The Injury Colin might have done Mr Stewart and me by carrying her back
to this
Kingdom was such if it had been known as he never could have made a
(???) &
thereupon I cannot help acknowledging it has (???) my Esteem for his
Memory, I
find now he has long deceived me in that matter. I beg you will present
my
Compts to the Provost and Mrs Paterson, & if you can excuse me to
him as
above do it, if not I will undertake it hurried as I am rather than
disoblige
him or his family with whom I have had so long an Intimacy of
Connection. But
in this case a new Power must be drawn under an Administration &
please to
put in Virginia instead of J.Lands belonging to Great Britain. I know of
no
transactions Colin had in any J.Lands, but both may be put in, the first
is
omitted in that (???) I am
PS - The Ships Name was the Justitia in Power it
is
called Eustatia. ([36])
(NB: In 1771, the Maryland merchant Aquila Hall purchased goods from the London merchant Christopher Court and Co. of London, worth L1319. ([37]) In the 1790s, Duncan Campbell was trying to resurrect his American tobacco trade with Court's help.)
* * *
A loyal clerk, James Boyick:
The impression of Campbell is that he was always busy. His compensation for the Colin Somerville fiasco perhaps was his employment of an excellent managing clerk, B. James Boyick, who joined Campbell's counting house around October 1771 as a senior clerk. ([38]) Boyick stayed with the family until 1805-1808, after Campbell's death. Boyick, who seems to have been a bachelor and probably lived with the Campbell family, wrote many letters for Campbell on convict matters and is also noted in minor Blighiana. His strong copperplate hand was in striking contrast to Campbell's own spidery handwriting. Familiar with all varieties of his employer's affairs, Boyick acted at a senior executive level for many years. It seems Boyick's training was in office management and financial accounting, and that he had no legal training. There is, incidentally, no information in the Campbell Letterbooks allowing an estimate of how many employees Campbell had in his counting house, but one would imagine Boyick supervised about six other staff, office menials, not including a coach driver, a dray driver or two. There seems little doubt that Boyick's loyalty was a great help to Campbell over the years. ([39])

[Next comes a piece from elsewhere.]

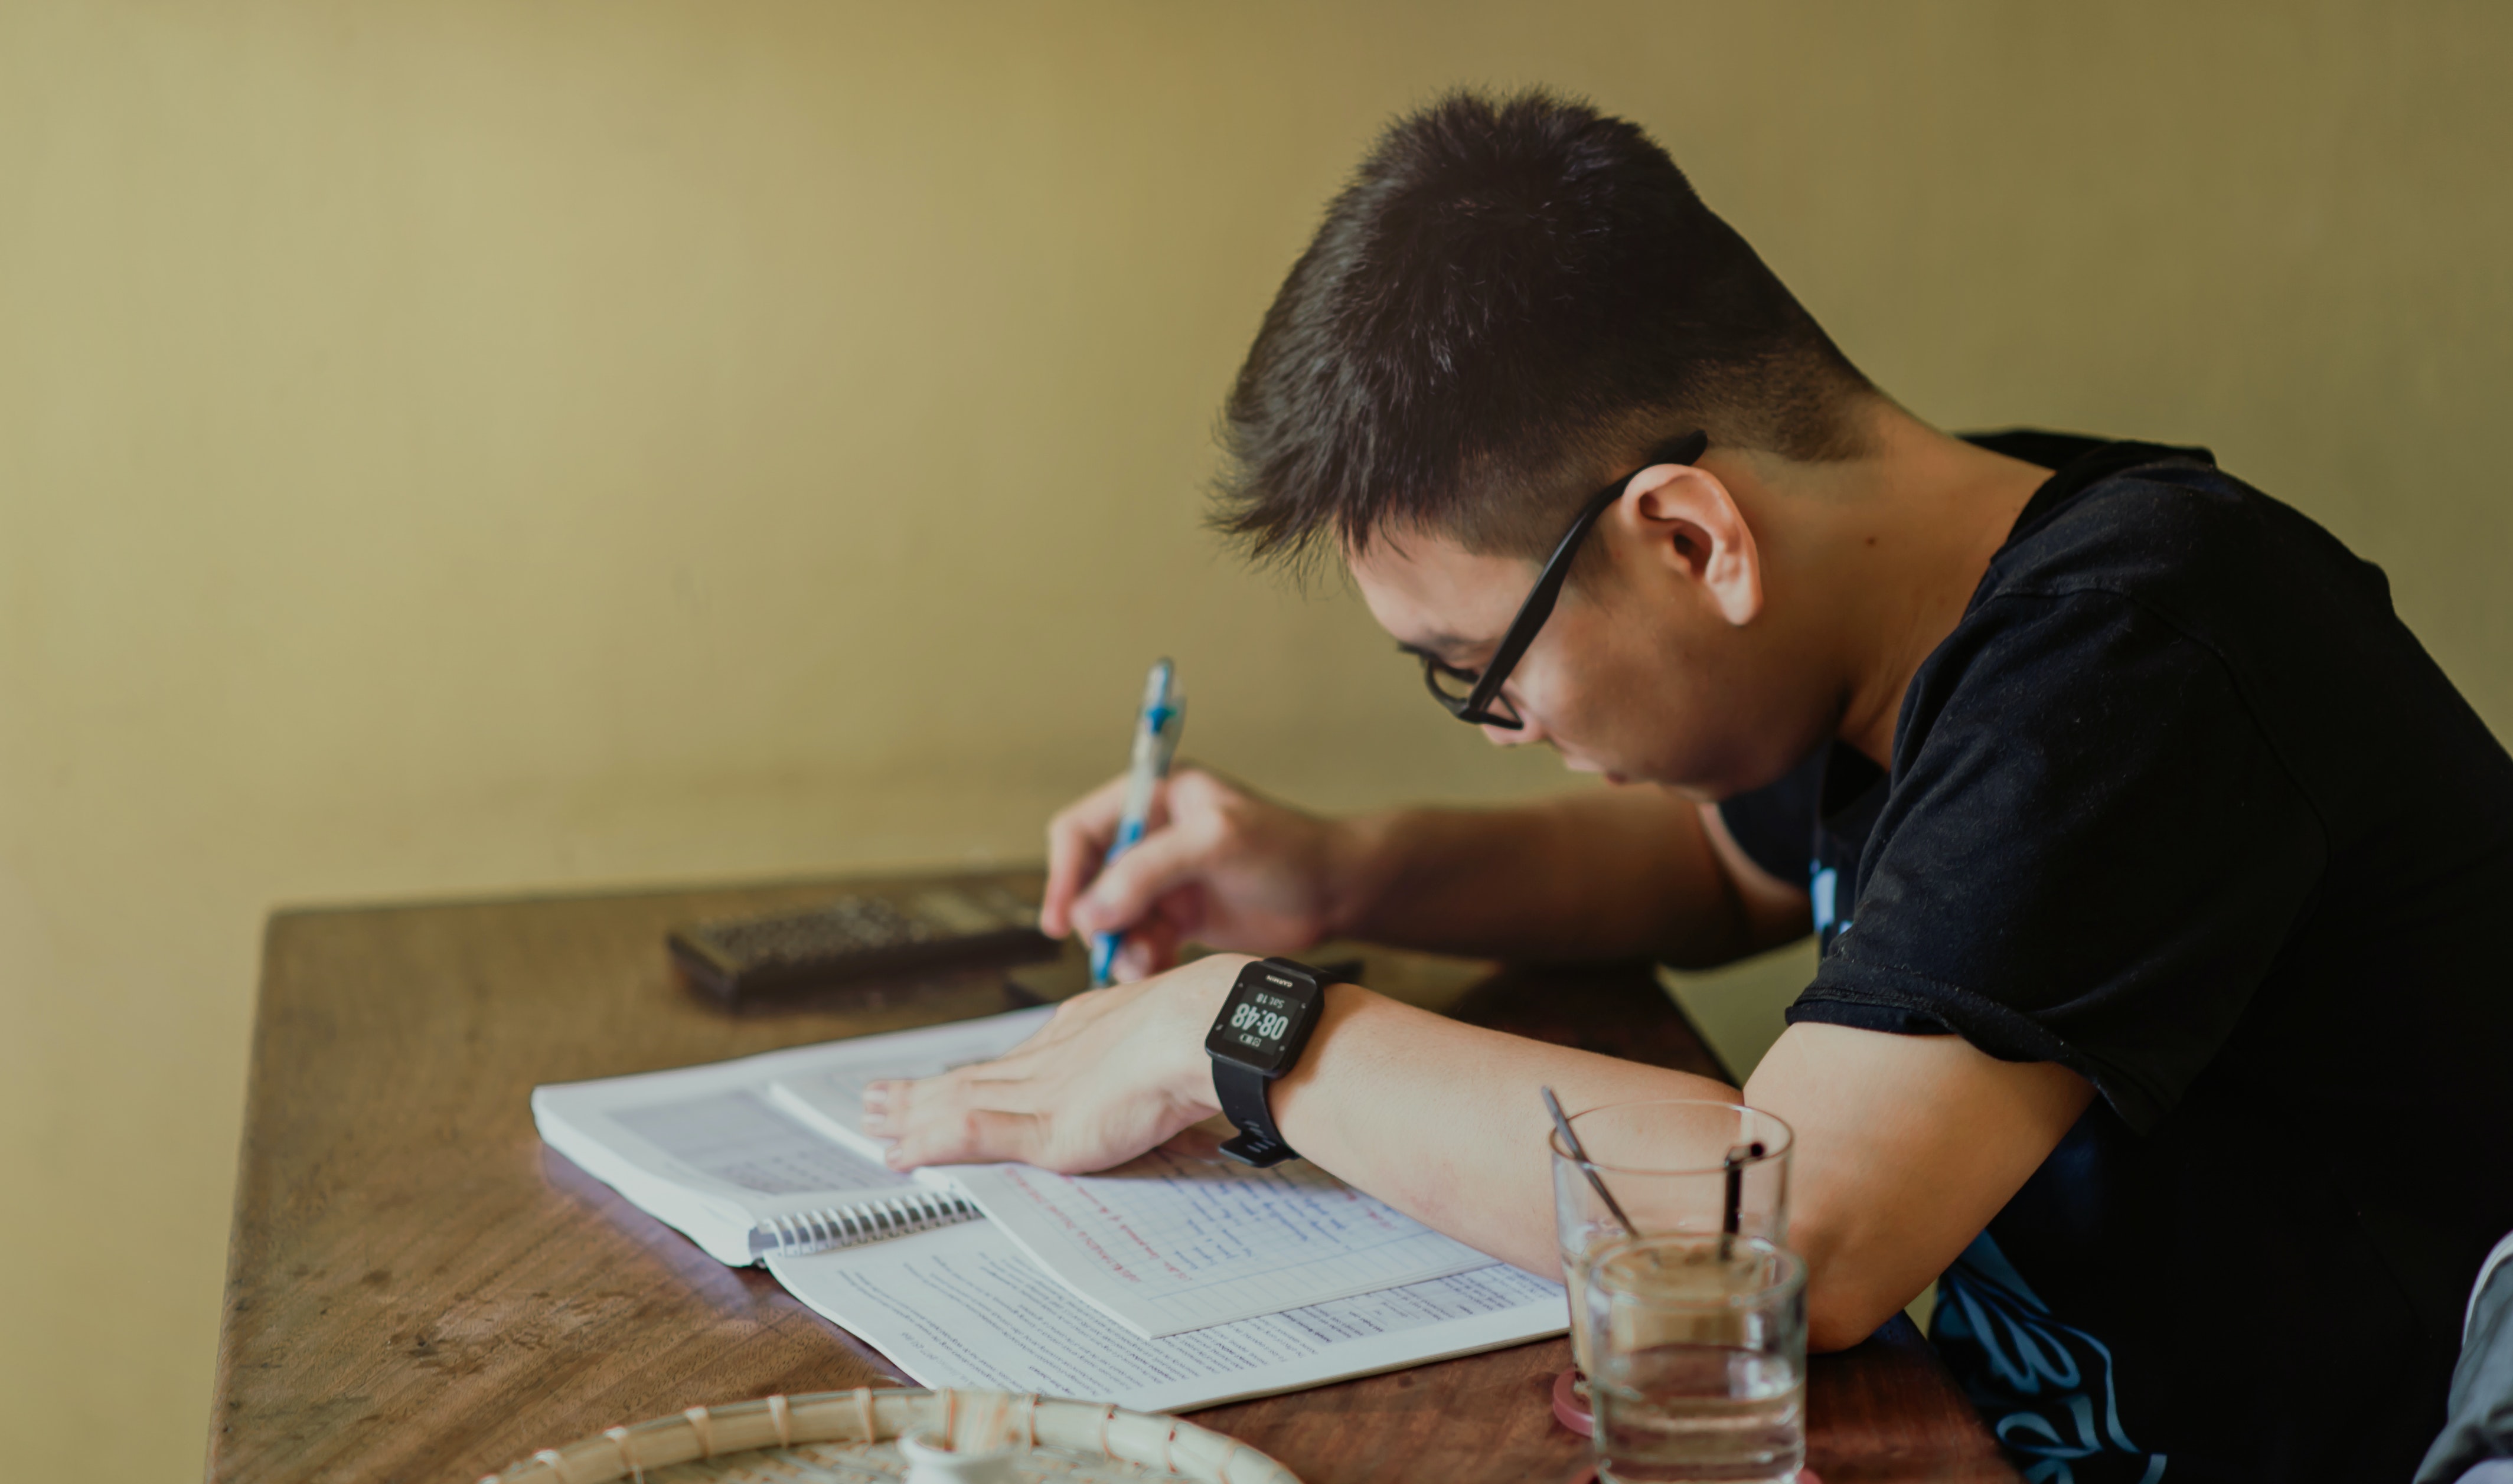 Imagem mostra um menino adolescente de lado,  com uma caneta nas mãos escrevendo em uma apostila.

Boyick may have found, as it has been said, sales of sugar circa 1772 were held when there were 500 or more casks of sugar in a warehouse. ([40]) Boyick would also have learned a great deal about how the tobacco trade operated. Specialist treatments of the industry can provide an overview of some of what he might have known...
Tobacco had been introduced to England in 1585 by Sir Walter Raleigh. The Spanish introduced the new addiction to Europe. In England, tobacco was first sold by apothecaries as a prophylactic and medicinal. When tobacco use became a pleasure in its own right, when society adjusted to its use, other retailers began to distribute it. ([41]) By Boyick's day, hogsheads of tobacco weighed about 1000 pounds off the ship. At the other end of the handling chain were the quaint names for the products. Only the lower classes chewed tobacco, labourers and sailors. Gentler men smoked pipes or took snuff. Rolls of chewing tobacco might be called Plug, Bogie, Nailrod and Target (closer to 1800). Some rolls of tobacco were called Thick Coil, Irish Brown, Thin Coil Pigtail, Very Thin Coil or Black Twist. Carrotte was heavily sweetened and the cheapest of all. Snuff, meant was for those with more "fashionable airs and notions", ([42]) was so difficult to manufacture, a man in the trade found it difficult to find apprentices. Chewing tobacco was taken from leaf which had been cured, redried, de-stemmed and then aged. Twist tobacco could be chewed or smoked.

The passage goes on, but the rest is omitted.